BACKGROUND - Next-generation sequencing of individuals with genetic diseases often detects candidate rare variants in numerous genes, but determining which are causal remains challenging. We hypothesized that the spatial distribution of missense variants in protein structures contains information about function and pathogenicity that can help prioritize variants of unknown significance (VUS) and elucidate the structural mechanisms leading to disease.
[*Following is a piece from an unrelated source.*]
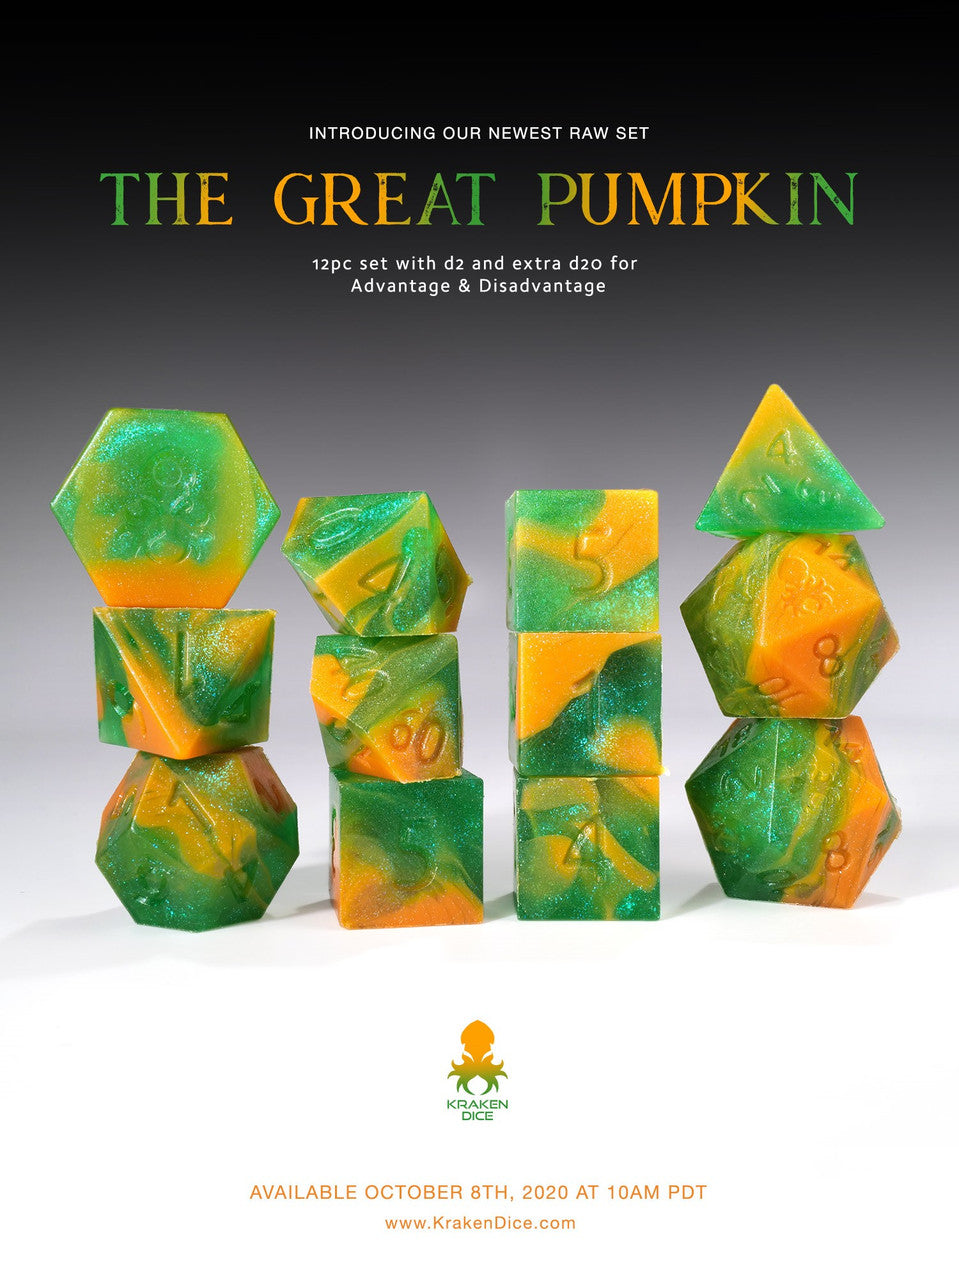 The Great Pumpkin RAW 12pc  RPG Dice Set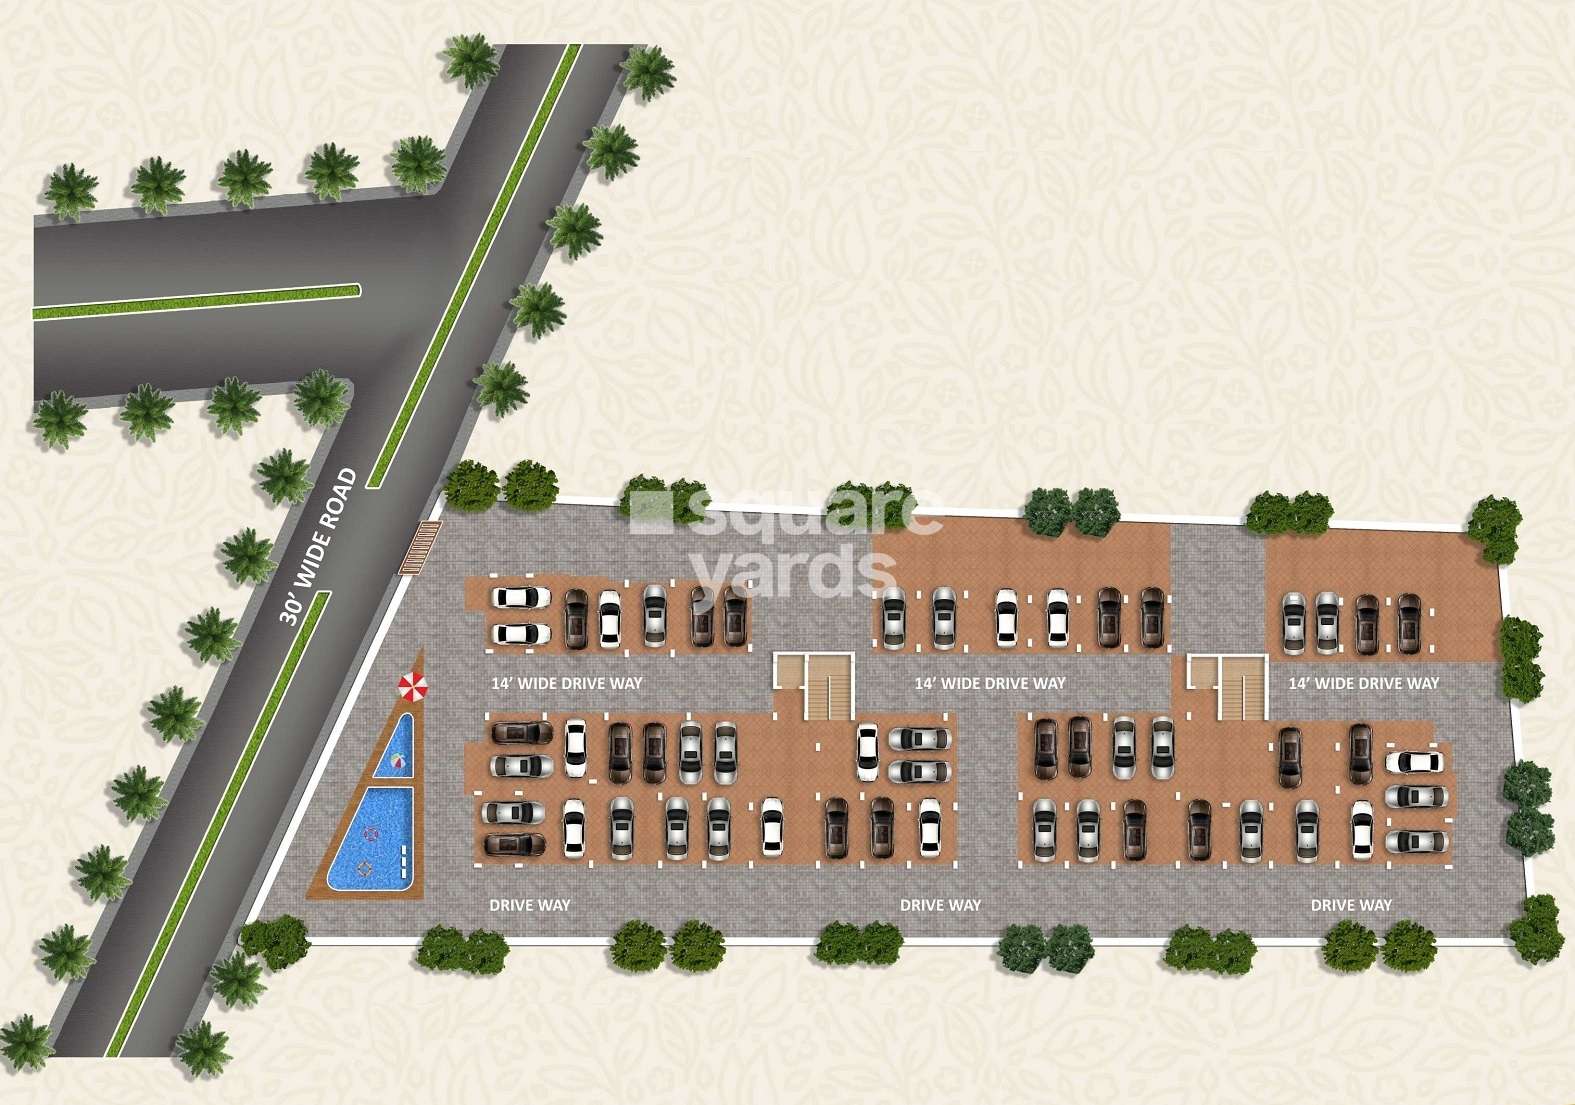 cbr aavani project master plan image1 5468

RESULTS - To illustrate this approach in a clinical application, we analyzed 13 candidate missense variants in regulator of telomere elongation helicase 1 (RTEL1) identified in patients with Familial Interstitial Pneumonia (FIP). We curated pathogenic and neutral RTEL1 variants from the literature and public databases. We then used homology modeling to construct a 3D structural model of RTEL1 and mapped known variants into this structure. We next developed a pathogenicity prediction algorithm based on proximity to known disease causing and neutral variants and evaluated its performance with leave-one-out cross-validation. We further validated our predictions with segregation analyses, telomere lengths, and mutagenesis data from the homologous XPD protein. Our algorithm for classifying RTEL1 VUS based on spatial proximity to pathogenic and neutral variation accurately distinguished 7 known pathogenic from 29 neutral variants (ROC AUC = 0.85) in the N-terminal domains of RTEL1. Pathogenic proximity scores were also significantly correlated with effects on ATPase activity (Pearson r = -0.65, p = 0.0004) in XPD, a related helicase. Applying the algorithm to 13 VUS identified from sequencing of RTEL1 from patients predicted five out of six disease-segregating VUS to be pathogenic. We provide structural hypotheses regarding how these mutations may disrupt RTEL1 ATPase and helicase function.
CONCLUSIONS - Spatial analysis of missense variation accurately classified candidate VUS in RTEL1 and suggests how such variants cause disease. Incorporating spatial proximity analyses into other pathogenicity prediction tools may improve accuracy for other genes and genetic diseases.